The period of oscillation of a spring-and-mass system is 0.56 s and the amplitude is 4.1 cm. What is the magnitude of the acceleration at the point of maximum extension of the spring?
m/s2
To find the magnitude of the acceleration at the point of maximum extension of the spring, we'll need to use the formula for the acceleration of an object undergoing simple harmonic motion (SHM).

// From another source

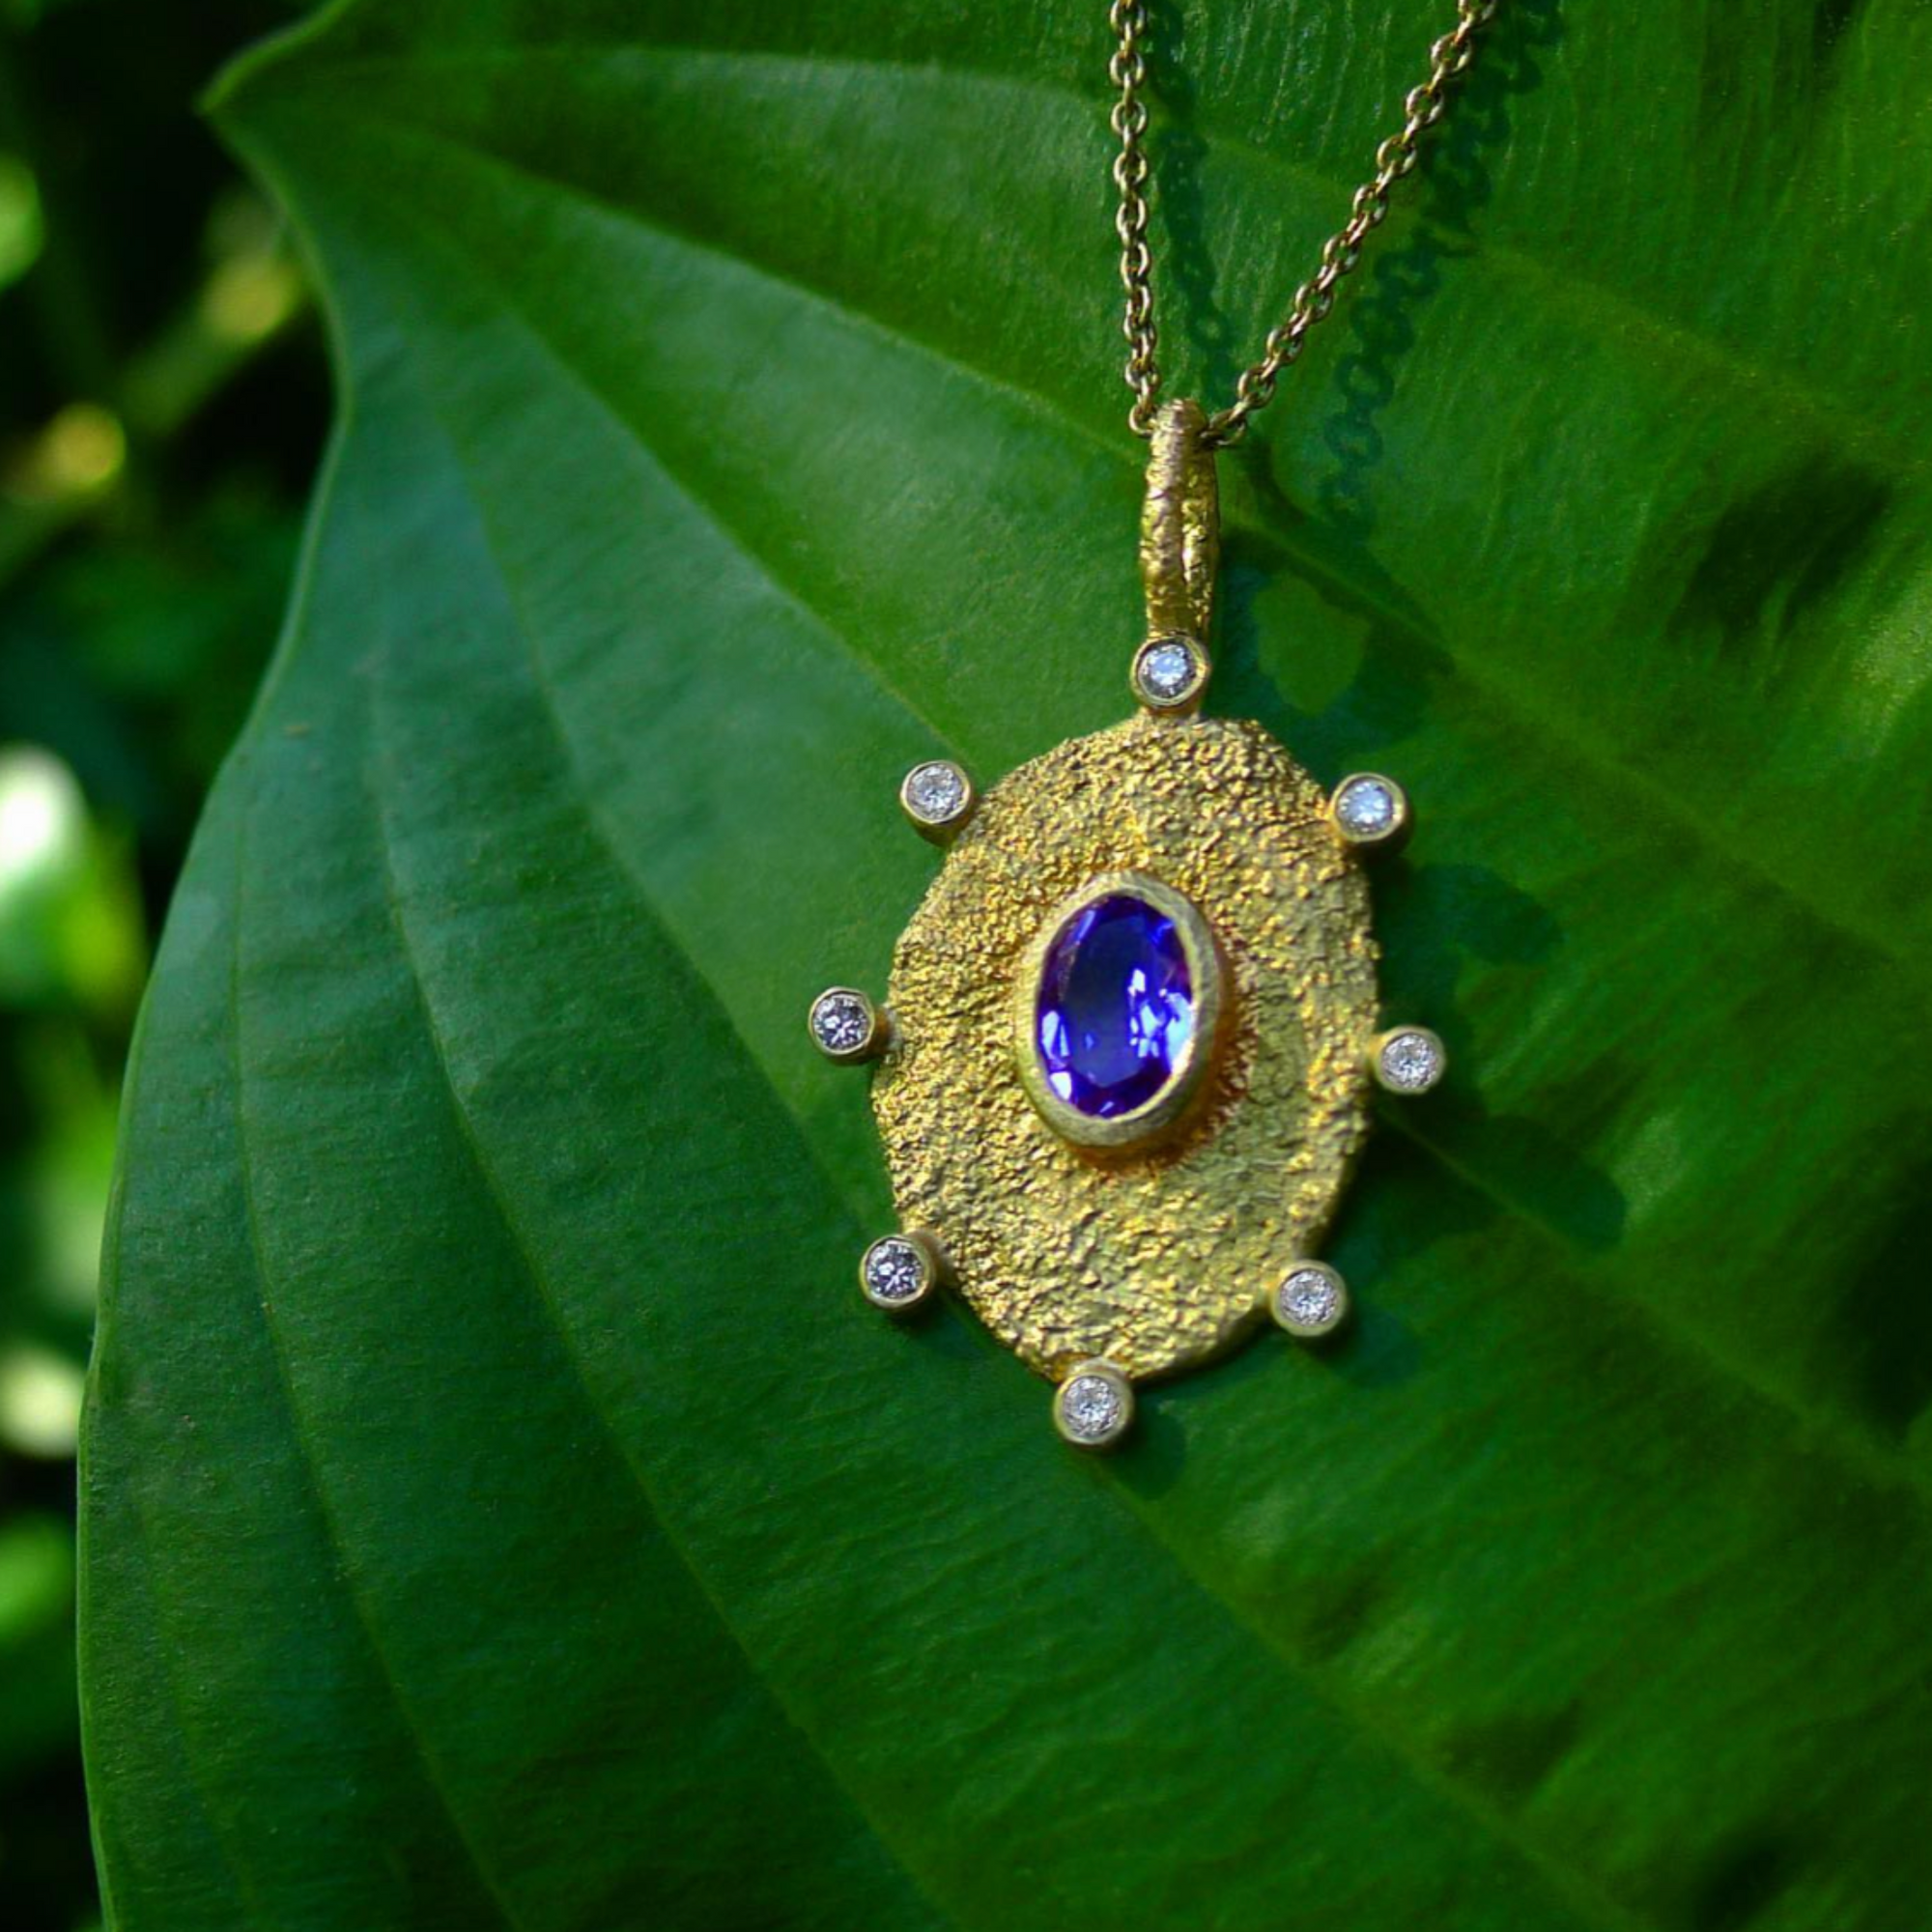 Rustic Tanzanite Necklace by Laurie Kaiser available at Talisman Collection Fine Jewelers in El Dorado Hills, CA and online.This pendant necklace features an oval cut tanzanite and 0.12 carats of brilliant white diamonds, all set in 18k gold. The organic shaped oval pendant hangs from a delicate 16" yellow gold chain. This necklace will add a touch of natural beauty to any outfit.

The formula for the acceleration in SHM is given by:
a = -ω^2 * x
Where:
a = acceleration
ω (omega) = angular frequency
x = displacement from equilibrium position
In this case, since the system is a spring-and-mass system, the angular frequency (ω) can be calculated using the formula:
ω = 2π / T
Where:
T = period of oscillation
Given:
T = 0.56 s (period)
First, we'll calculate the angular frequency (ω):
ω = 2π / T
= 2π / 0.56 s
≈ 11.18 rad/s
Next, we'll calculate the displacement (x) at the point of maximum extension. The amplitude (A) is given as 4.1 cm, and since the maximum displacement occurs at the end of the amplitude, x = A.
x = 4.1 cm
Finally, we can substitute the values into the formula for acceleration (a):
a = -ω^2 * x
= -(11.18 rad/s)^2 * 4.1 cm
Let's convert cm to meters by dividing by 100:
a ≈ -(11.18 rad/s)^2 * 0.041 m
Now we can calculate the magnitude of the acceleration by taking the absolute value:
|a| ≈ |-(11.18 rad/s)^2 * 0.041 m|
Evaluating this expression gives the magnitude of the acceleration at the point of maximum extension of the spring.